The California Supreme Court made it more difficult Monday for employers to classify their workers as independent contractors.
The unanimous decision has implications for the growing gig economy, such as Uber, but it could extend to nearly every employment sector.
The ruling came in a class-action lawsuit against Dynamex Operations West Inc. a package and document delivery company. The suit charged that Dynamex misclassified its delivery drivers as independent contractors rather than employees.
The hiring of workers as independent contractors — not subject to government rules on minimum wage, overtime and rest breaks — has exploded. A 2016 study by economists at Harvard and Princeton universities estimated 12.5 million people were considered independent contractors, or 8.4% of the U.S. workforce.

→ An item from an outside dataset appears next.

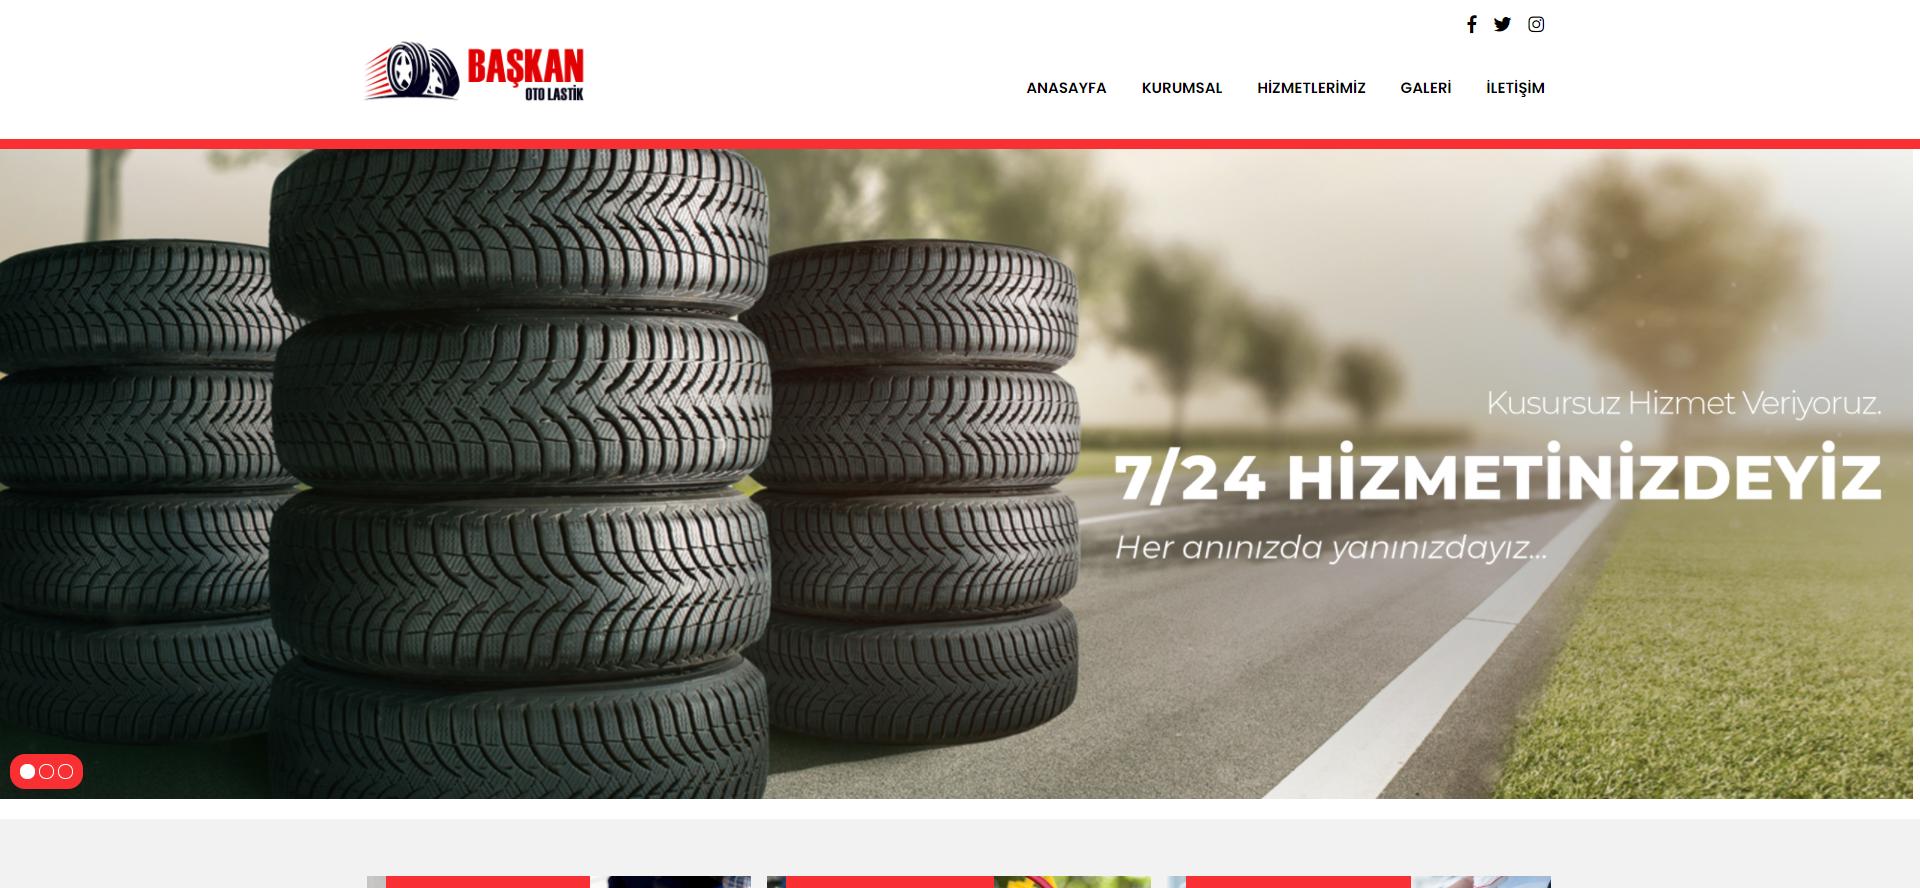 İzmir kurumsal web tasarım - fiyatları
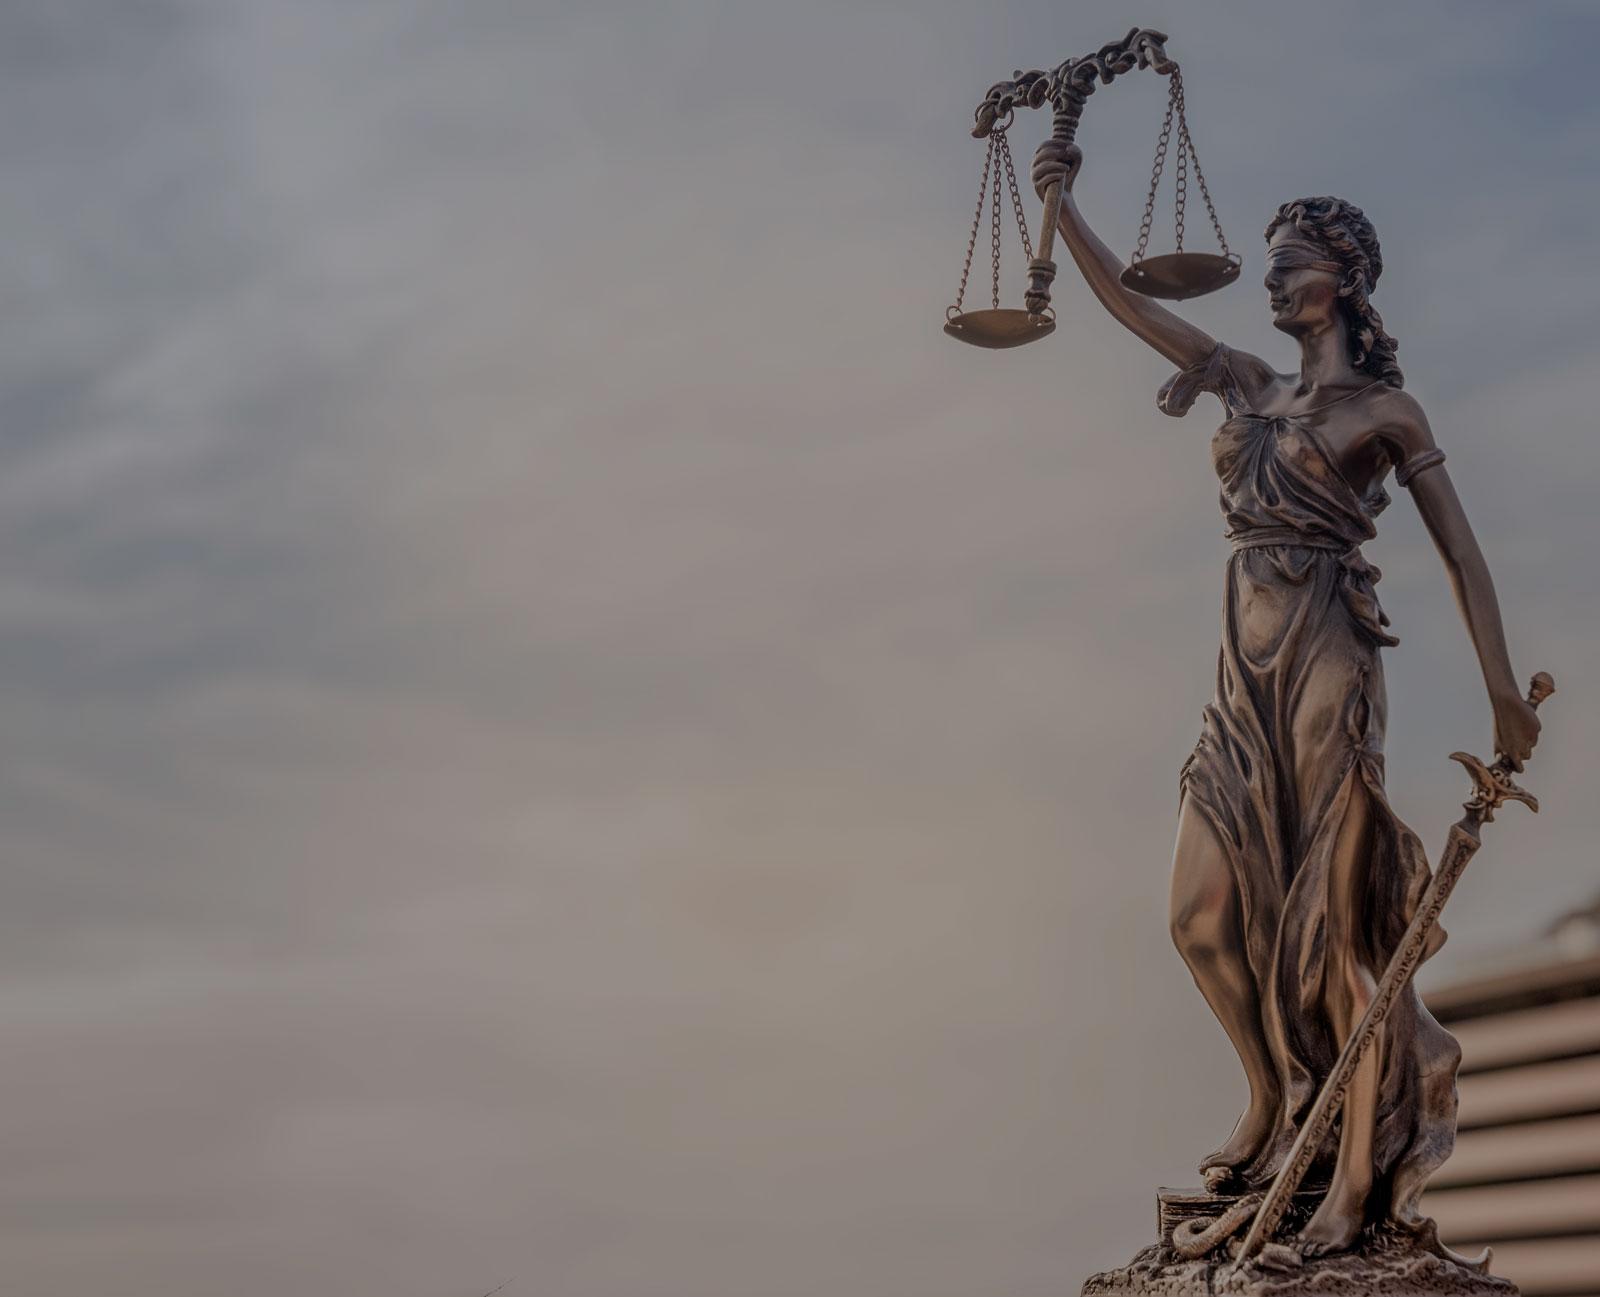 Estátua da justiça com venda nos olhos, balança na mão direita levantada e espada na mão esquerda em posição de descanso.

The ruling is likely to lead many employers in California to immediately question whether they should reclassify independent contractors rather than face stiff fines for misclassification, employment lawyers said.
To classify someone as an independent contractor, businesses must show that the worker is free from the control and direction of the employer; performs work that is outside the hirer’s core business; and customarily engages in “an independently established trade, occupation or business.”
“When a worker has not independently decided to engage in an independently established business but instead is simply designated an independent contractor … there is a substantial risk that the hiring business is attempting to evade the demands of an applicable wage order through misclassification,” Chief Justice Tani Cantil-Sakauye wrote for the court.
A worker may be denied the status of employee “only if the worker is the type of traditional independent contractor — such as an independent plumber or electrician — who would not reasonably have been viewed as working in the hiring business,” the court said.
The court offered examples: A plumber temporarily hired by a store to repair a leak or an electrician to install a line would be an independent contractor. But a seamstress who works at home to make dresses for a clothing manufacturer from cloth and patterns supplied by the company, or a cake decorator who works on a regular basis on custom-designed cakes would be employees.
The court said wage laws were adopted to protect workers’ health and safety and enable them to earn a living. The laws also shield the public from having to assume financial responsibility for workers earning substandard wages or working in unhealthy or unsafe conditions.
Worker classification is the core issue in recent labor disputes between unions and trucking firms serving the Los Angeles and Long Beach ports.
“This is an effort to level the unequal playing field — misclassified workers have been taken advantage of for decades,” said Julie Gutman Dickinson, an attorney for the Teamsters Union’s port trucking campaign.
The California Labor Commissioner’s Office and the courts have repeatedly found that port truck drivers were misclassified.
Under the new standard, drivers for Uber and Lyft should be classified as employees because those companies’ usual course of business is providing rides, said Michael Chasalow, a professor at the USC Gould School of Law.